START Data provided
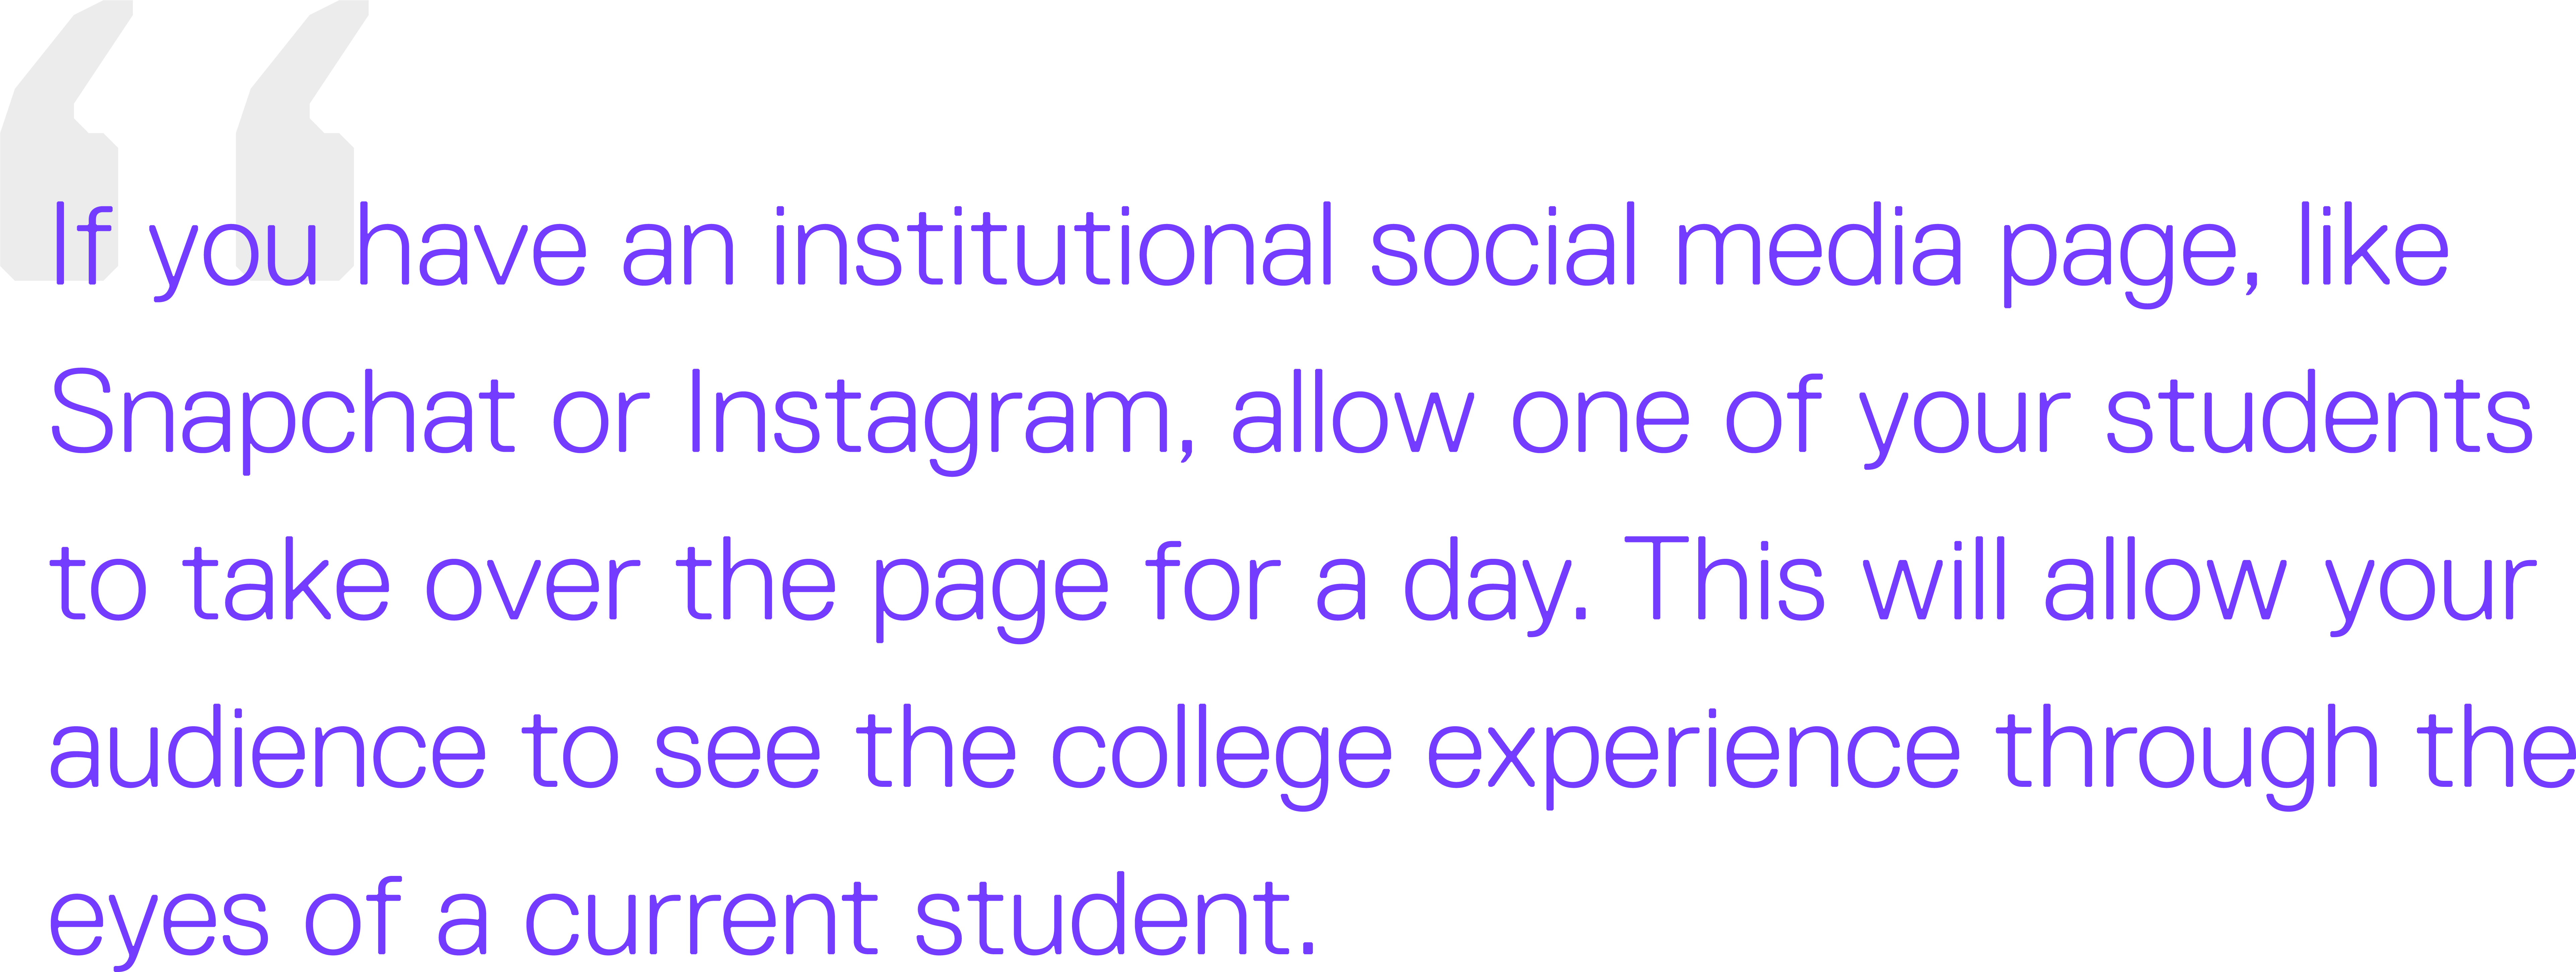 If you have an institutional social media page, like Snapchat or Instagram, allow one of your students to take over the page for a day. This will allow your audience to see the college experience through the eyes of a current student.
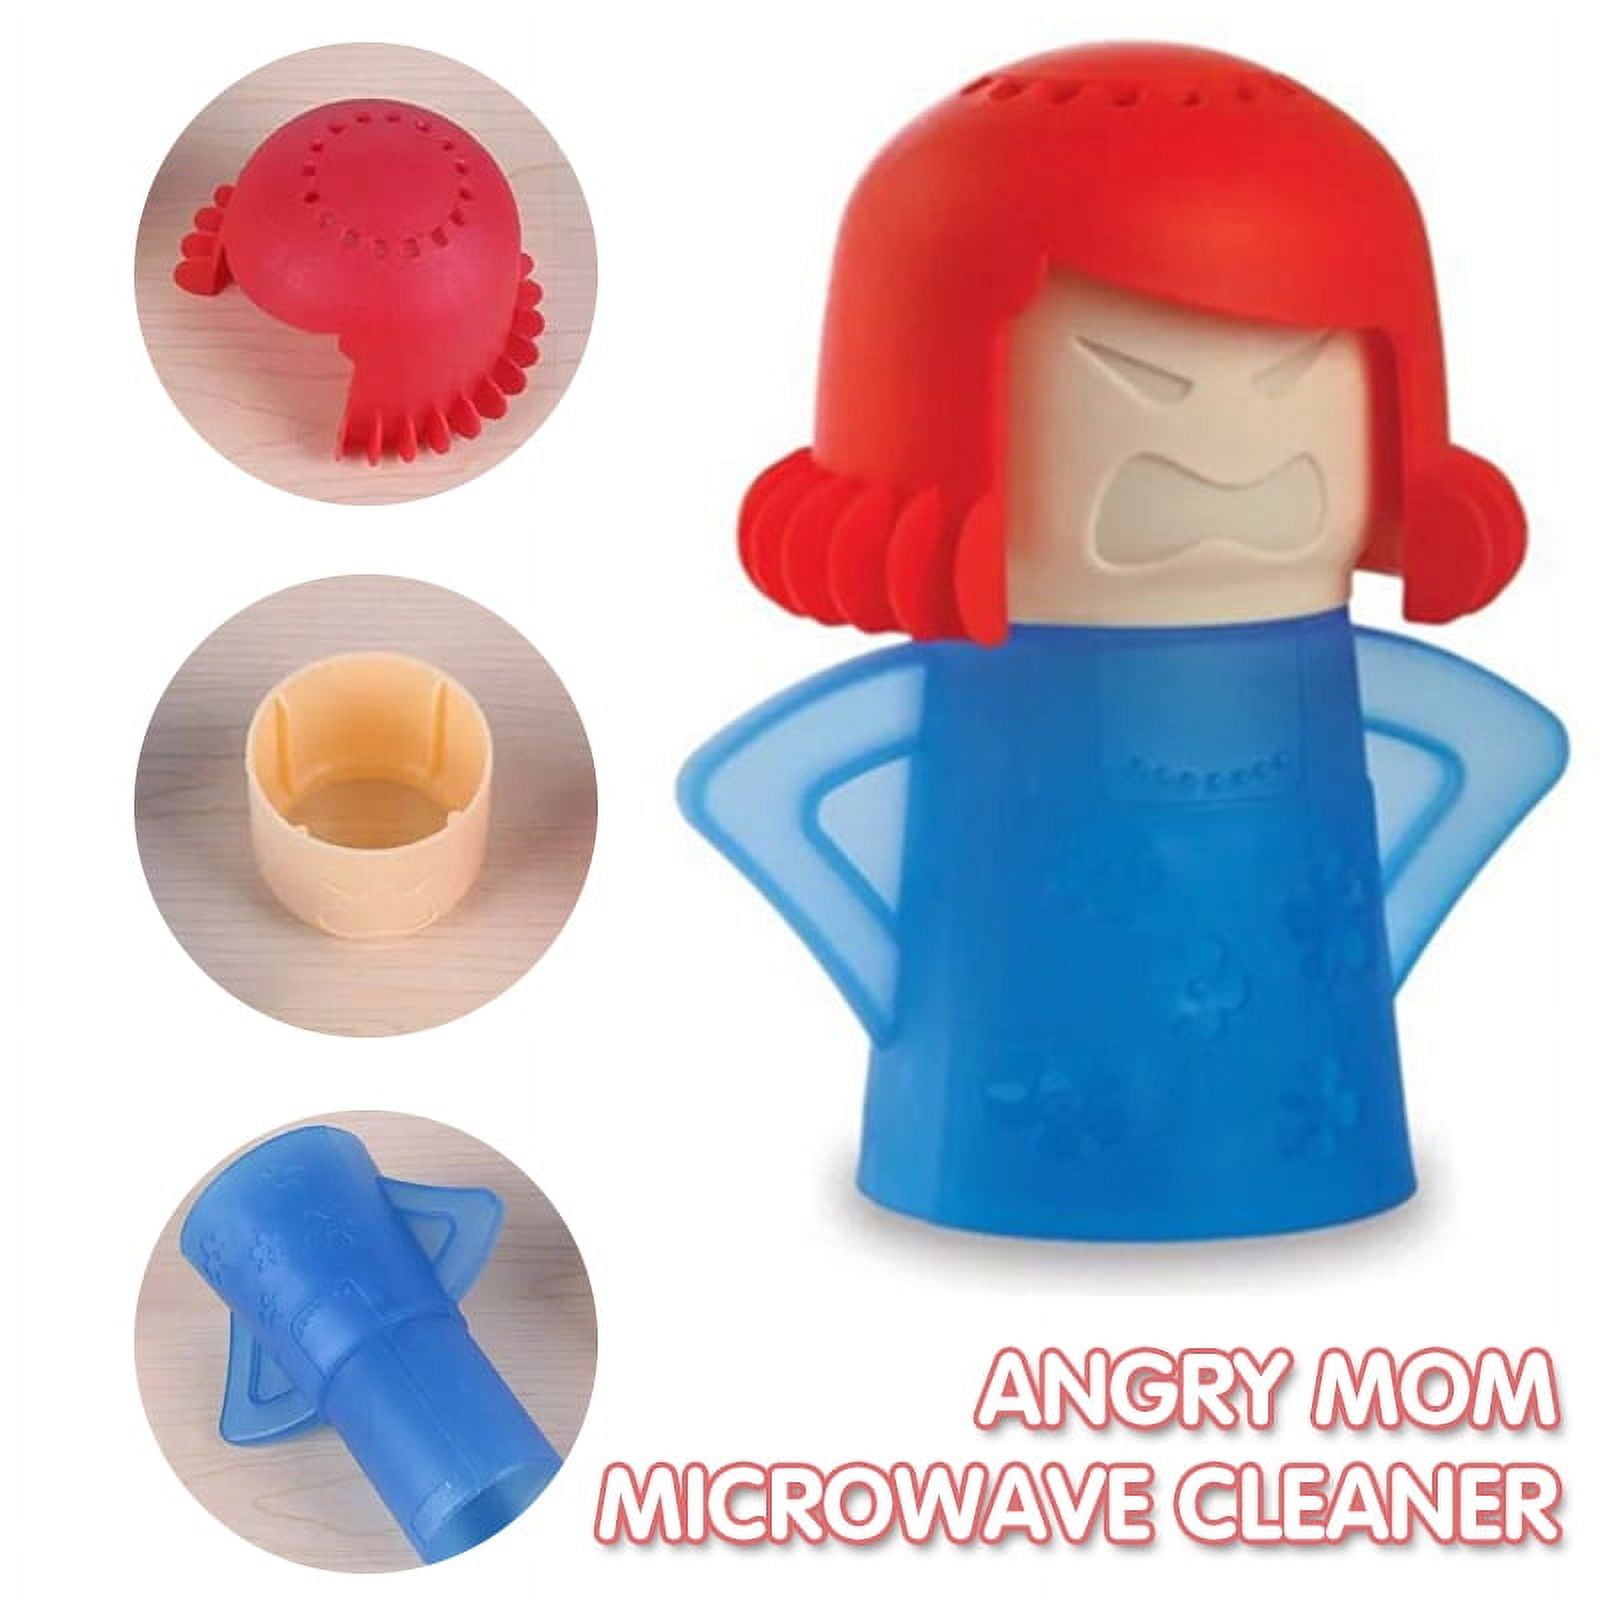 PENGXIANG Angry Mama Microwave Cleaner - Microwave Oven Steam Cleaner,  Angry Mom High Temperature Steamer Cleaning Equipment Easily Crud in  Minutes Steam Cleans with Vinegar&Water for Kitchen 
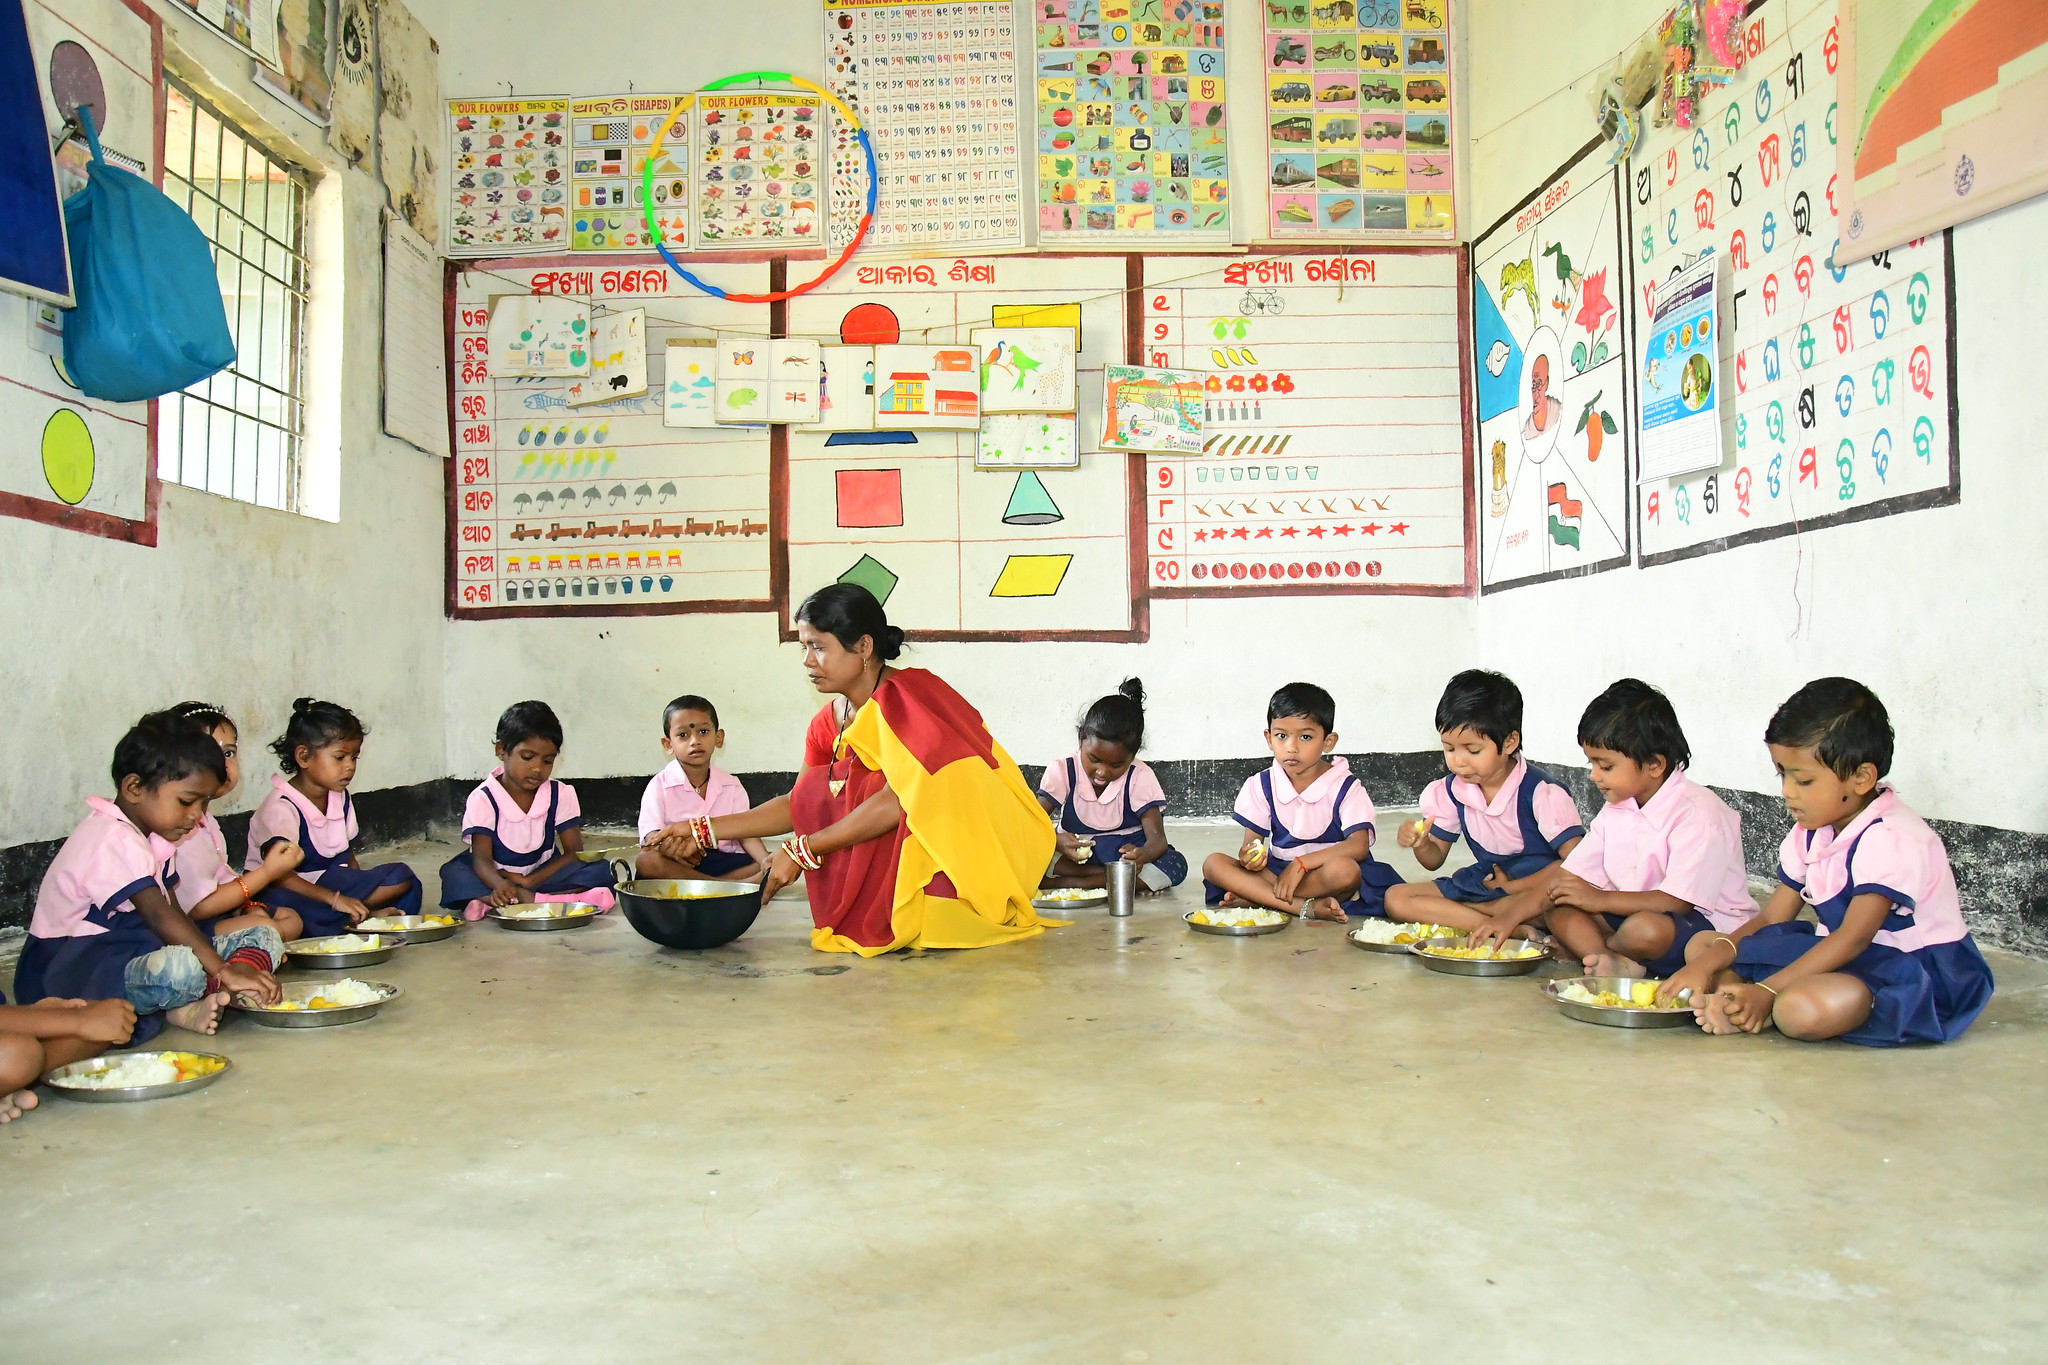 Children at the Bangabandha Anganwadi center (childcare center) enjoying small fish in hot cooked meals as part of the of Supplementary Nutrition Programme
END Data provided
What you have to do | What is needed is an exact repeat of only the lines from the one containing "PENGXIANG Angry Mama" through the last line of the listing above, both ends included, without the pictures.

Written response |
 PENGXIANG Angry Mama Microwave Cleaner - Microwave Oven Steam Cleaner,  Angry Mom High Temperature Steamer Cleaning Equipment Easily Crud in  Minutes Steam Cleans with Vinegar&Water for Kitchen 
 Children at the Bangabandha Anganwadi center (childcare center) enjoying small fish in hot cooked meals as part of the of Supplementary Nutrition Programme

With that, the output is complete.